I could go on and on… and on.
So where are we now, and where are we headed? Do we know? Does anybody even care?
From where I stand in my corner of the audio industry as part of the wider Murky Way entertainment galaxy, grasping the ramifications of AI is like solving a Rubik’s Cube, featuring an unknown number of sides and colours, blindfolded. You could twist it this way or that, up or down, left or right, but in the end, it remains a scrambled mess.
I don’t pretend to know how many sides or colours this new AI puzzle is comprised of, nor do I have the time to sit in a corner like a Zen master and contemplate the future of our industry in any meaningful or informed way. Like everyone else, I am only partially informed, superficially aware… and yet, like everyone else, I’m adopting AI tools myself, regardless.

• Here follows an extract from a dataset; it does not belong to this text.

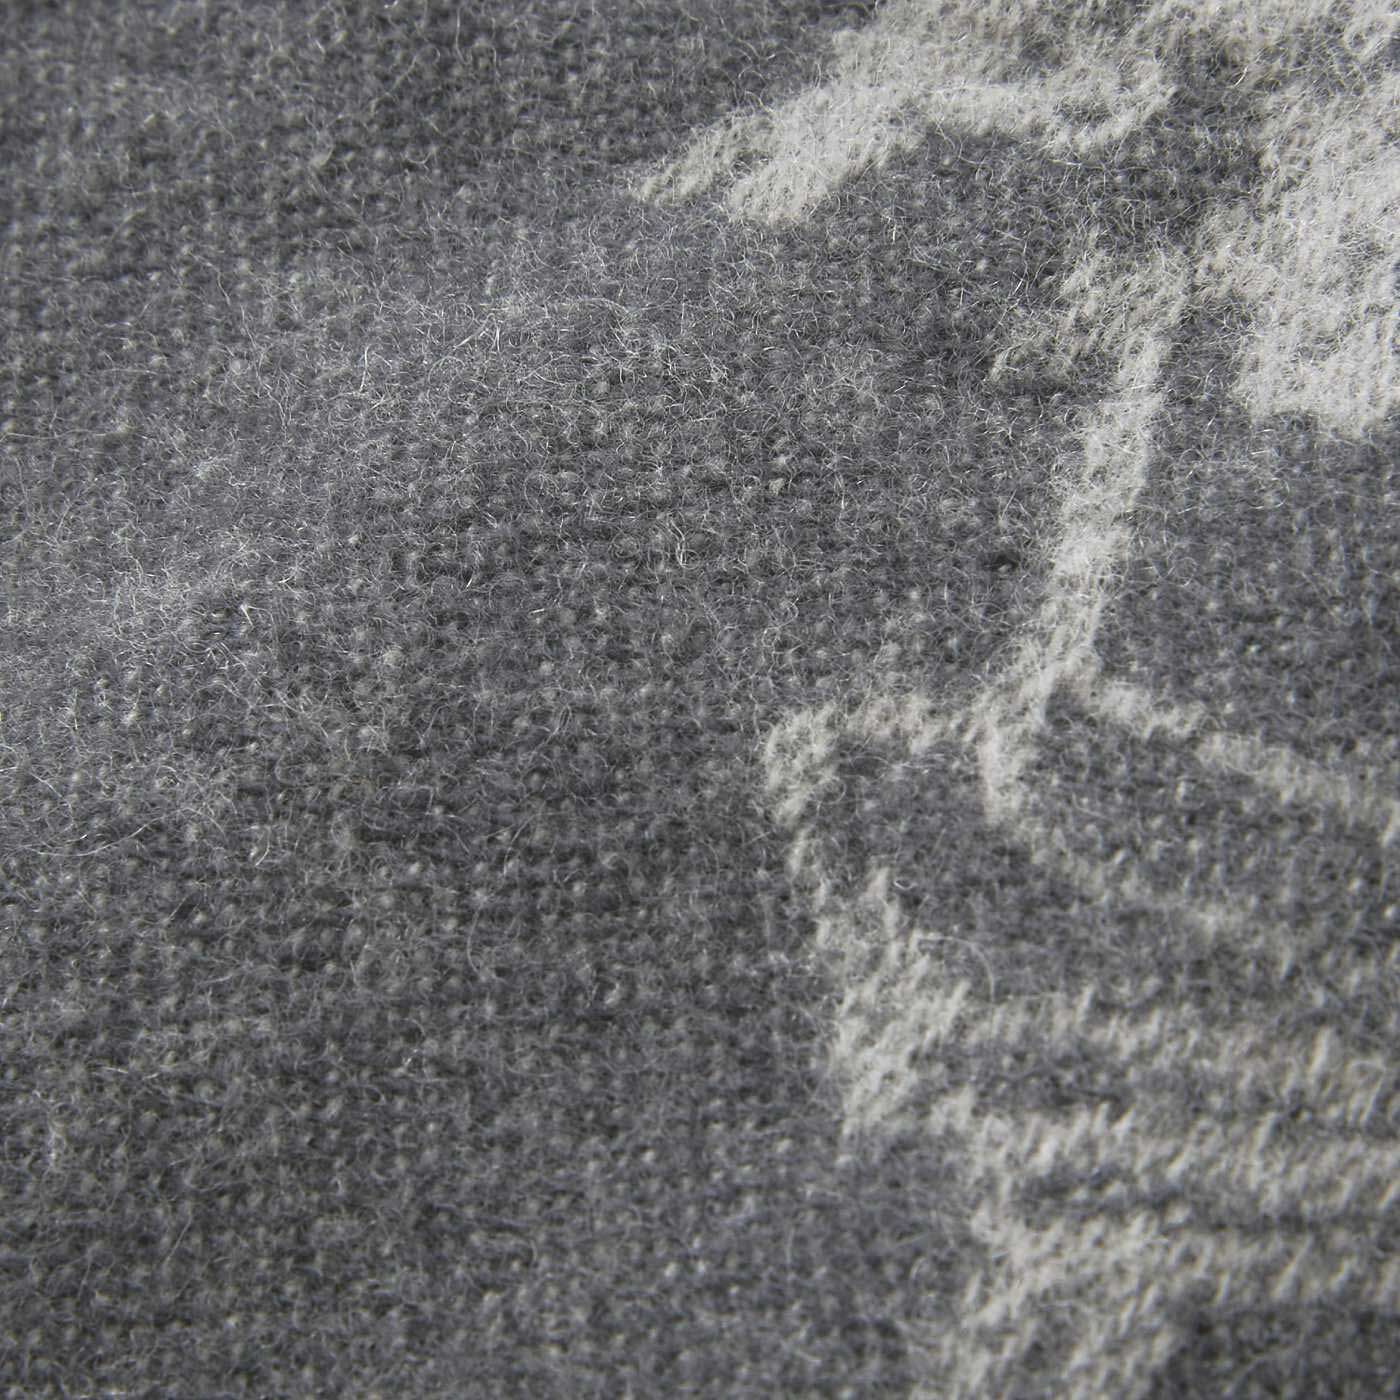 SAANA JA OLLI|サーナ ヤ オッリ　シルケット加工ウールで肌心地やさしい 日々になじむジャカード織りウールストール〈スレートグレー〉|シルケット加工をほどこしたウールを使用。表面を起毛させてふわふわの肌ざわり。

Is this a good thing? I’m not sure. There’s an upside, without doubt, but something tells me there’s also a downside that potentially runs deep and dark that we will have no way of rescinding later if we decide we don’t especially like where we’ve ended up. It will be far too little too late by then. Already is… (and I suspect AI is quietly chuckling to itself in a cloud somewhere right now at the very prospect of being told by humans: “Sorry, no, we’ve changed our mind about you…”)
The Upside
From the narrowest, professional audio perspective, the adoption of countless fantastic new AI-powered tools that can separate out sounds, remove unwanted spill, room acoustics and noise from tracks seems like a no-brainer. Tools that time and phase align, pitch correct, balance tone and dynamics in ways that were only a few years ago the work of science fiction, are impossible to ignore or resist. They make the job easier, better, faster and more enjoyable.

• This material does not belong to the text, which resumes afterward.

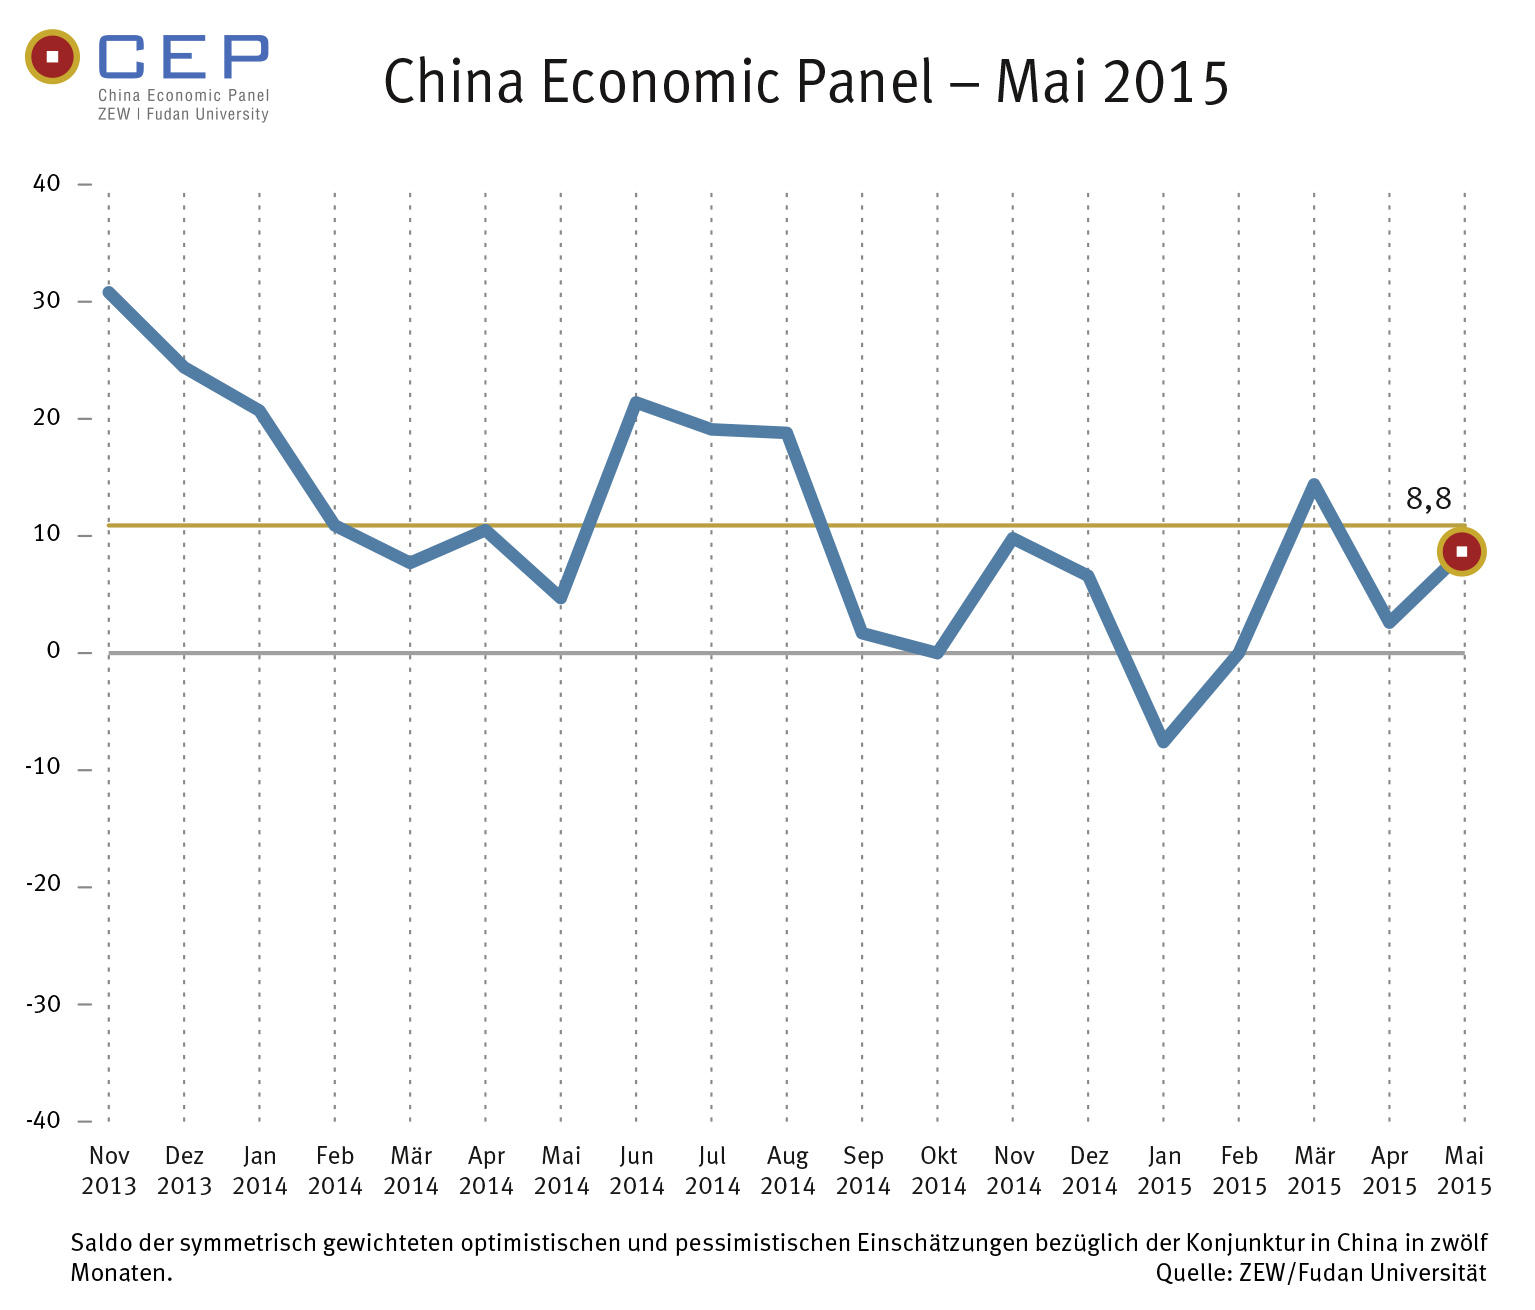 China Economic Panel (CEP) von ZEW und Fudan Universität (Shanghai)

To that end, DAW platforms and plug-ins are flooding our audio ecosystems with new AI-powered products in a veritable tsunami of ground-breaking options. Apple Logic 11, for example, offers a new tool called Stem Splitter that’s available by simply right-clicking on an audio file, whereupon the sounds in that file – an old stereo mix perhaps, for which there is no longer a multi-track session – can be deconstructed into Vocals, Drums, Bass and ‘Other’ in mere seconds. And right out of the gate in Version 1, Logic 11 performs this magic trick very well. This is a massive advance (and if you make Karaoke backing tracks for a living, now might be the time to apply for a job in local government).
No doubt, in months, weeks or mere days from now – if it hasn’t happened already, such is the whiplash-inducing accelerated response time of AI – every audio software developer will have such a tool, and the ramifications of this single process will be far-reaching.
Plug-ins like Supertone Clear and Black Box Audio Silencer abound. Software of this ilk uses AI to perform veritable magic tricks with background noise.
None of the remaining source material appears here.